The lines to copy run from the one containing "Nicelly Mens Classic" to the end of the listing. Please write them out exactly, minus the pictures.

(Beginning of Dataset excerpt)

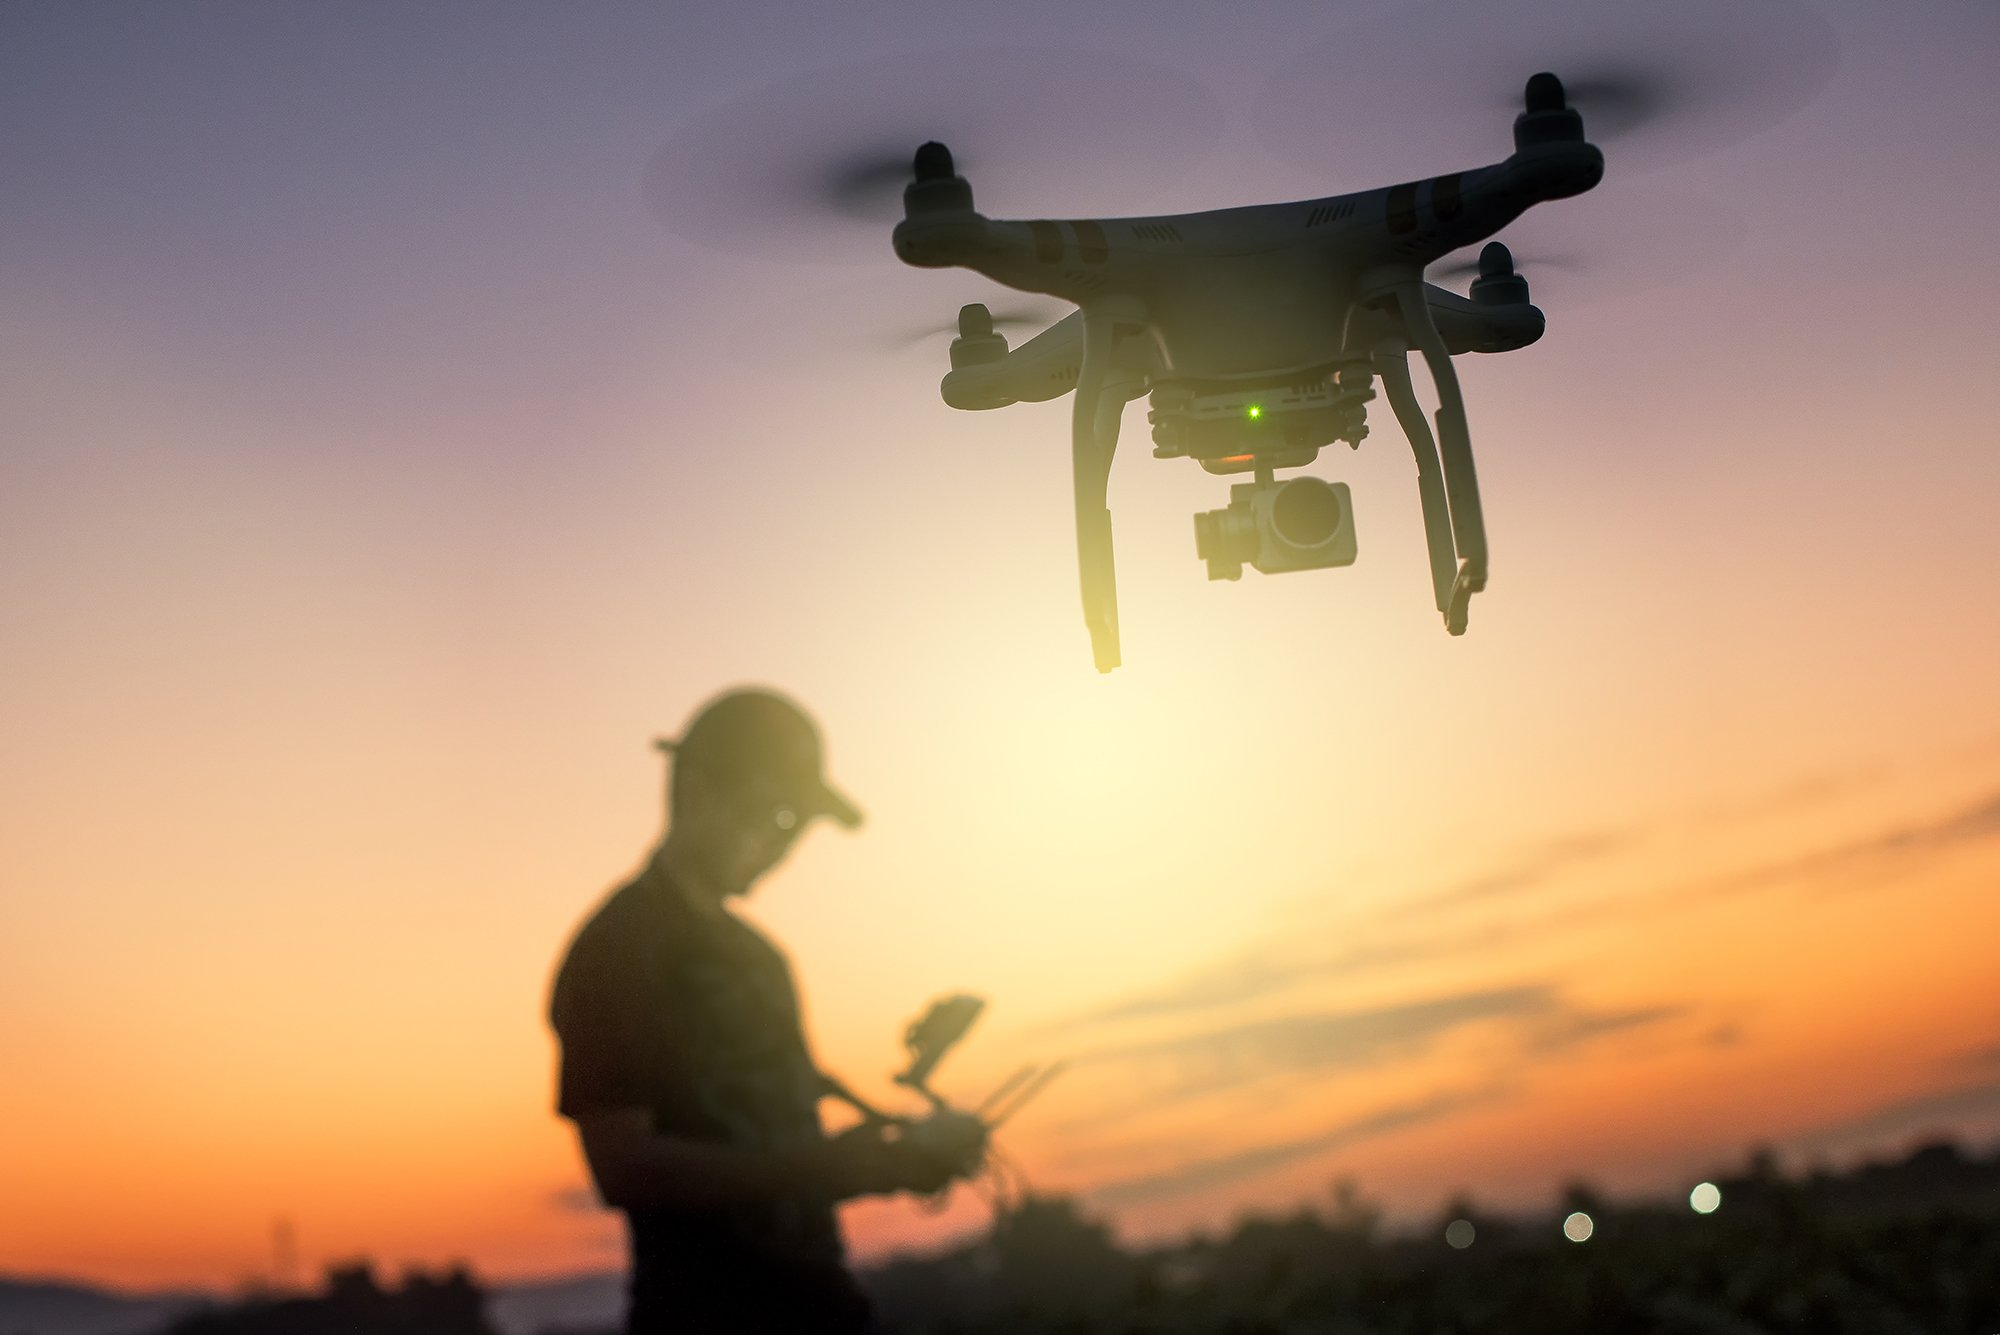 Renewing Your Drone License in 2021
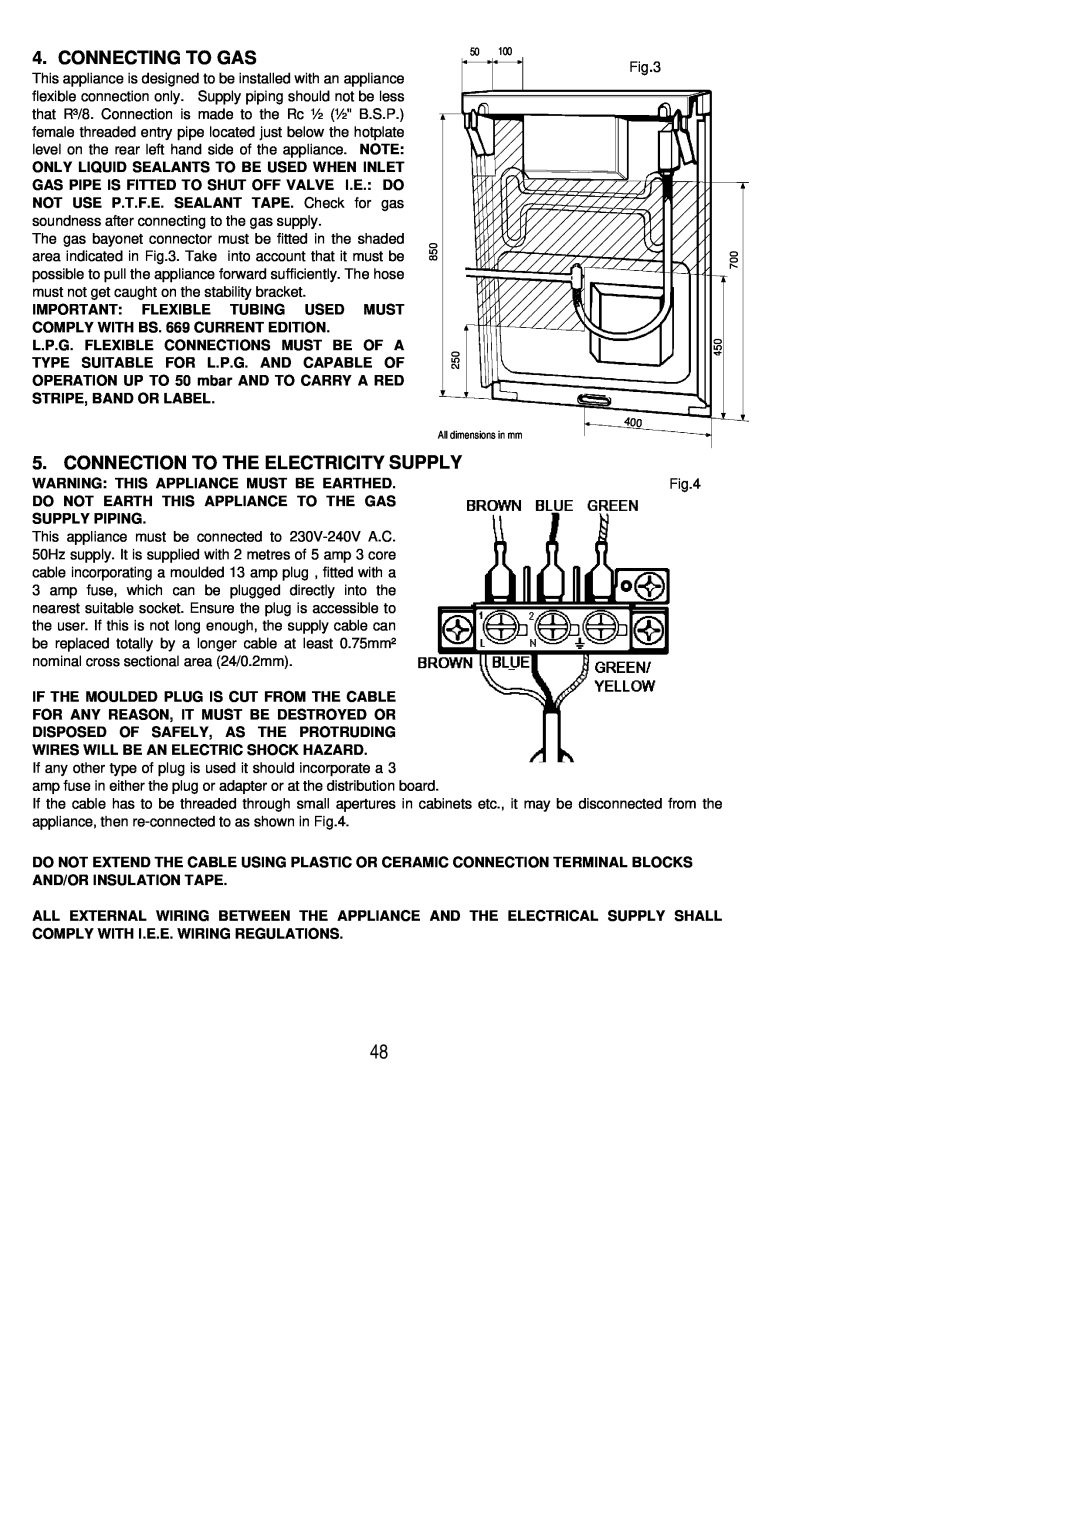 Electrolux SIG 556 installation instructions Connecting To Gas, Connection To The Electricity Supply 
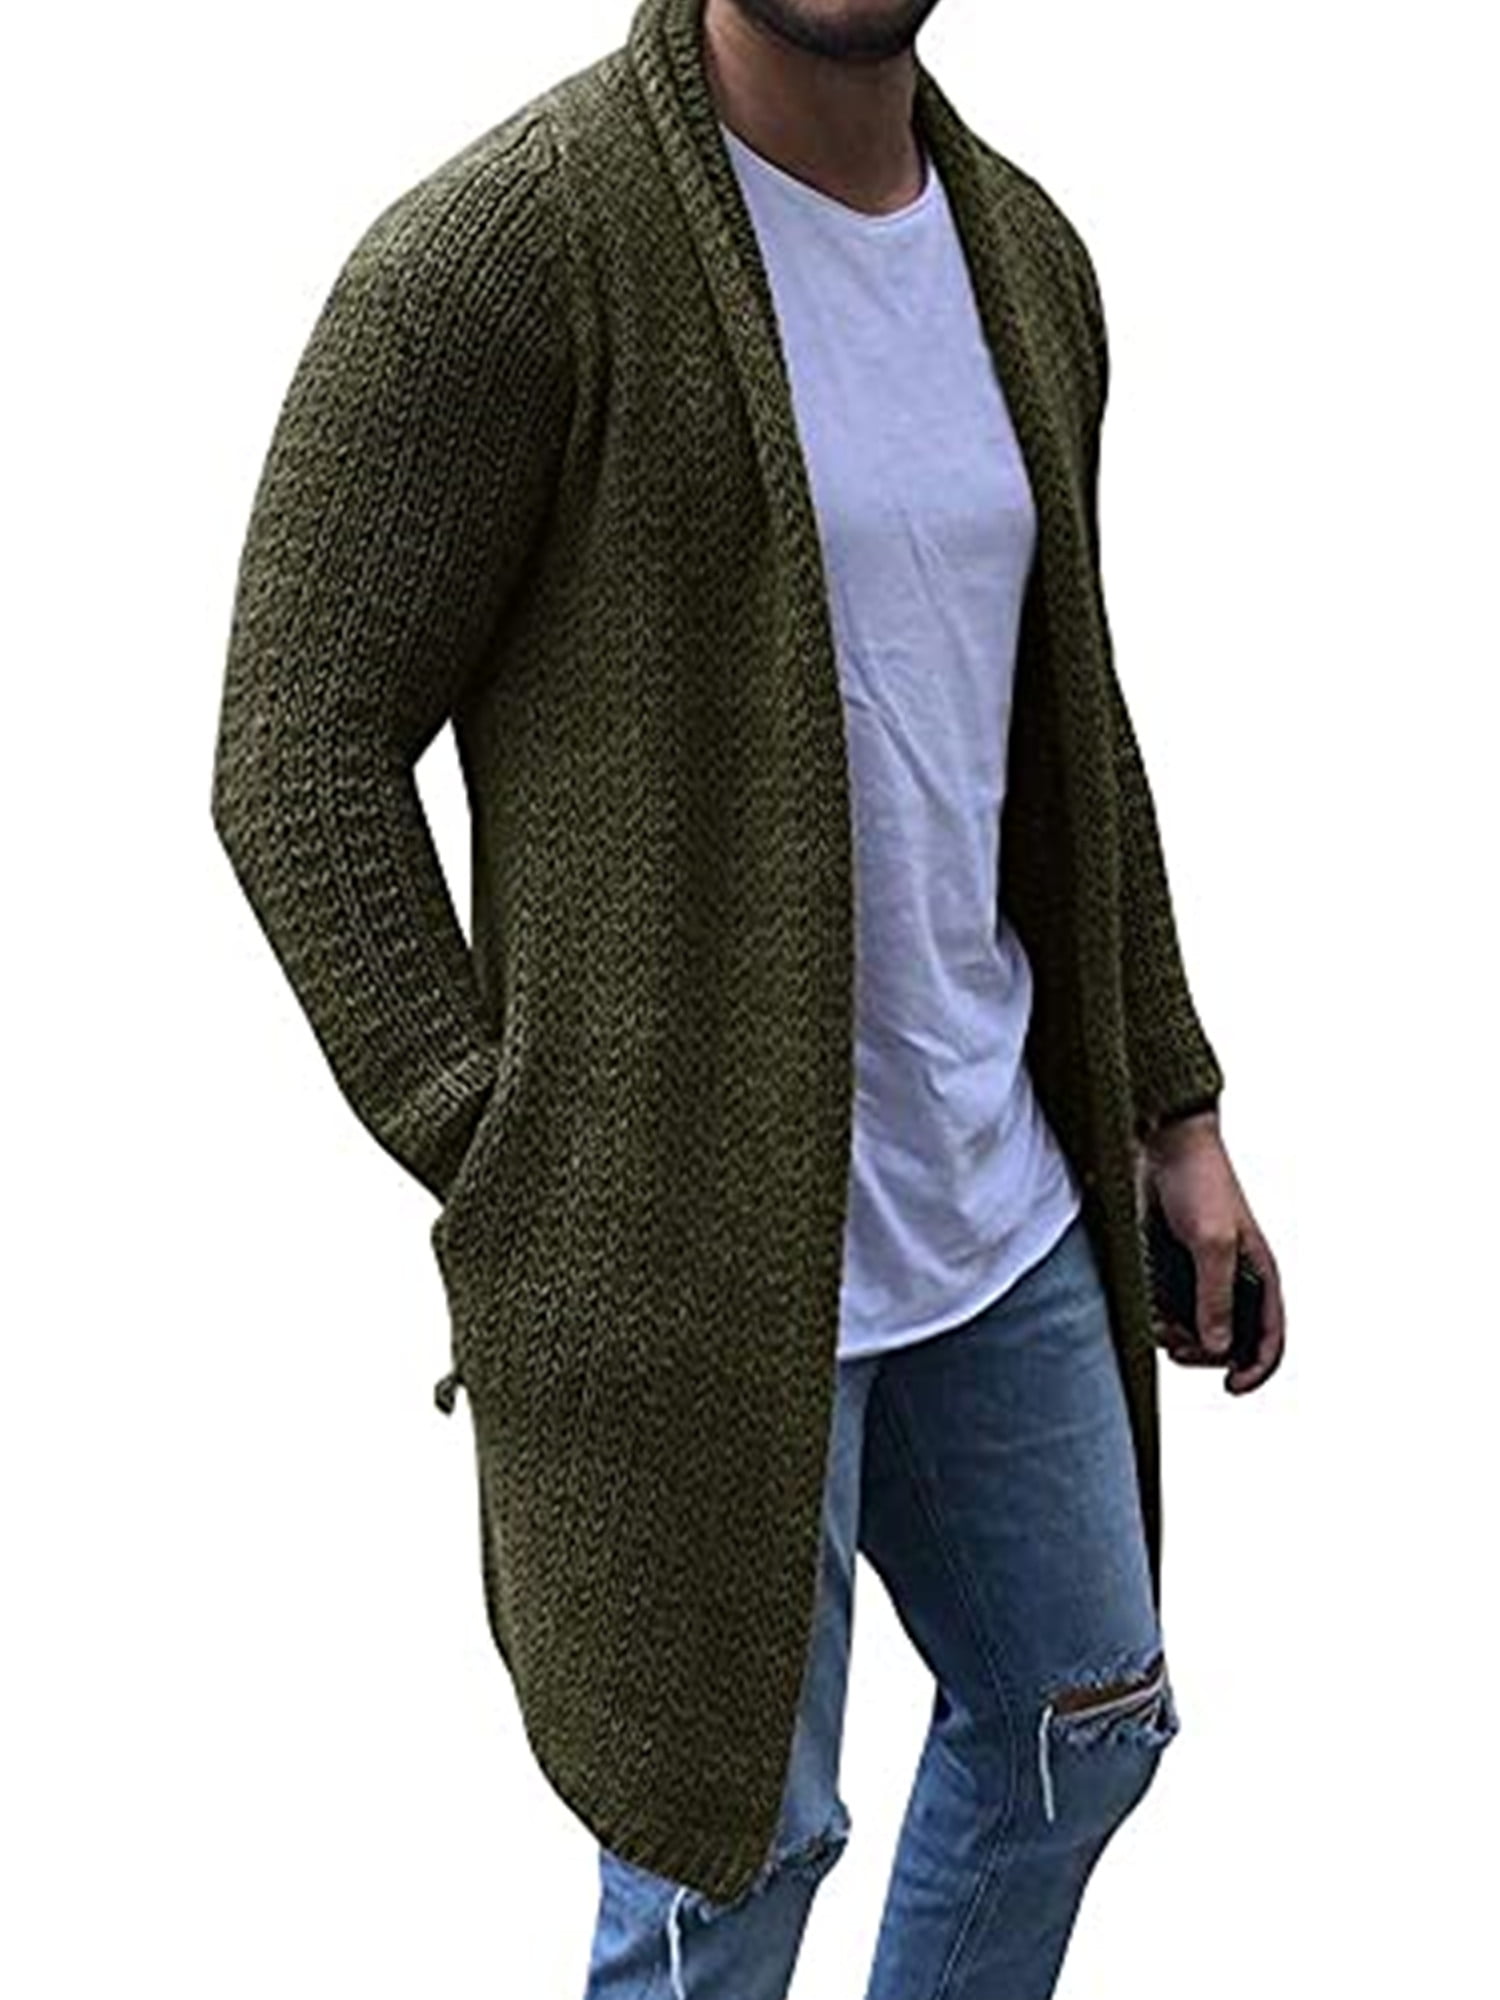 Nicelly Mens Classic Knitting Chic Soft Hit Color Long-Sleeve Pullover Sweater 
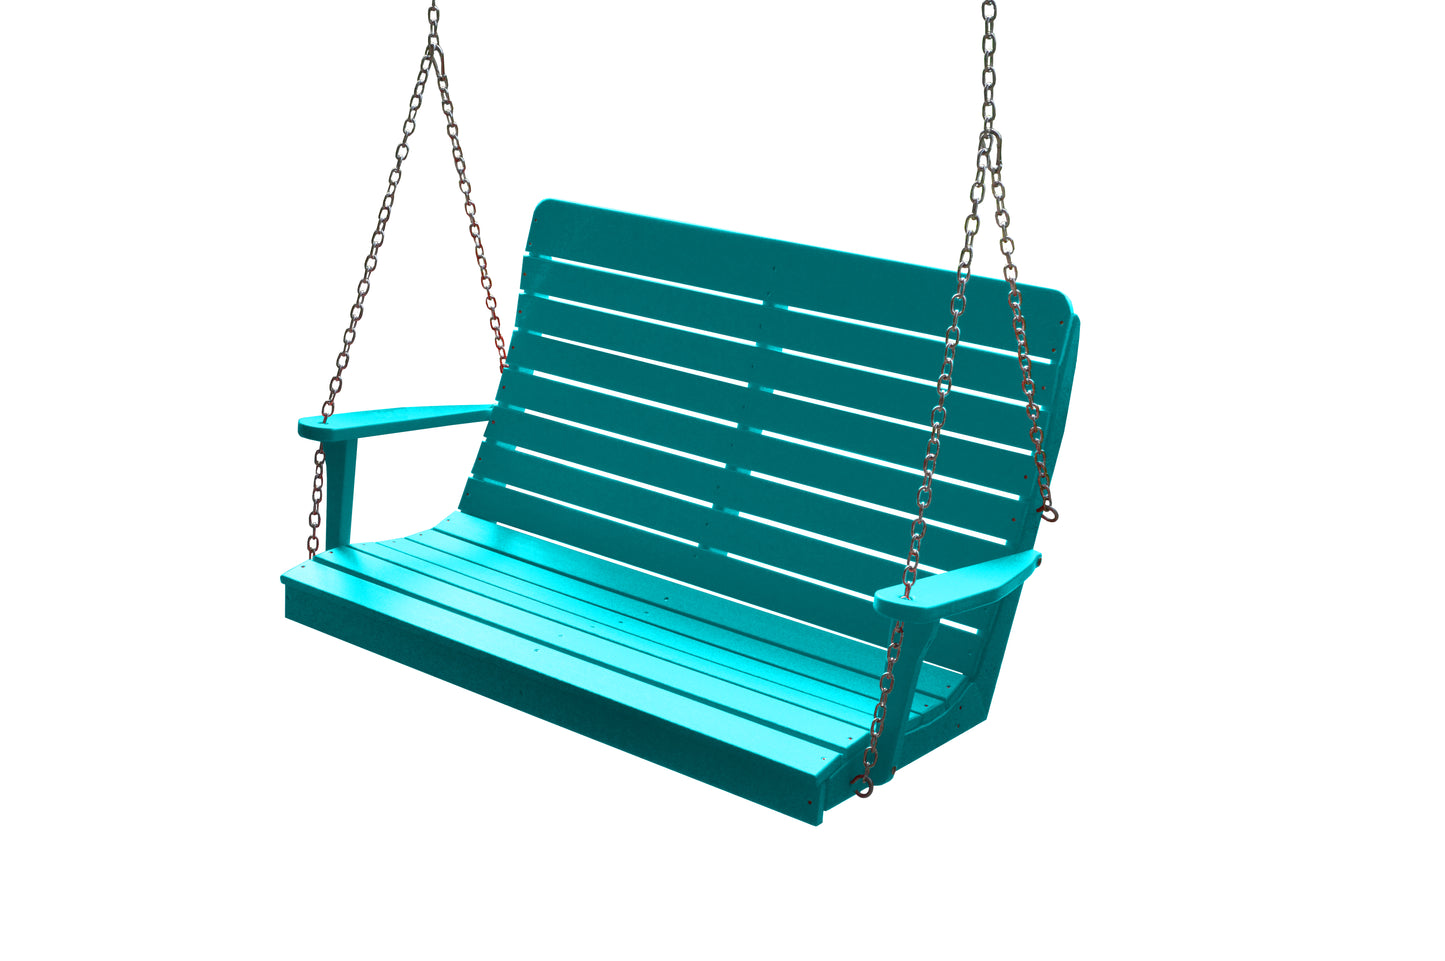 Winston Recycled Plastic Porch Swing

(End of Dataset excerpt)

* Result of the task:
 Nicelly Mens Classic Knitting Chic Soft Hit Color Long-Sleeve Pullover Sweater 
 Winston Recycled Plastic Porch Swing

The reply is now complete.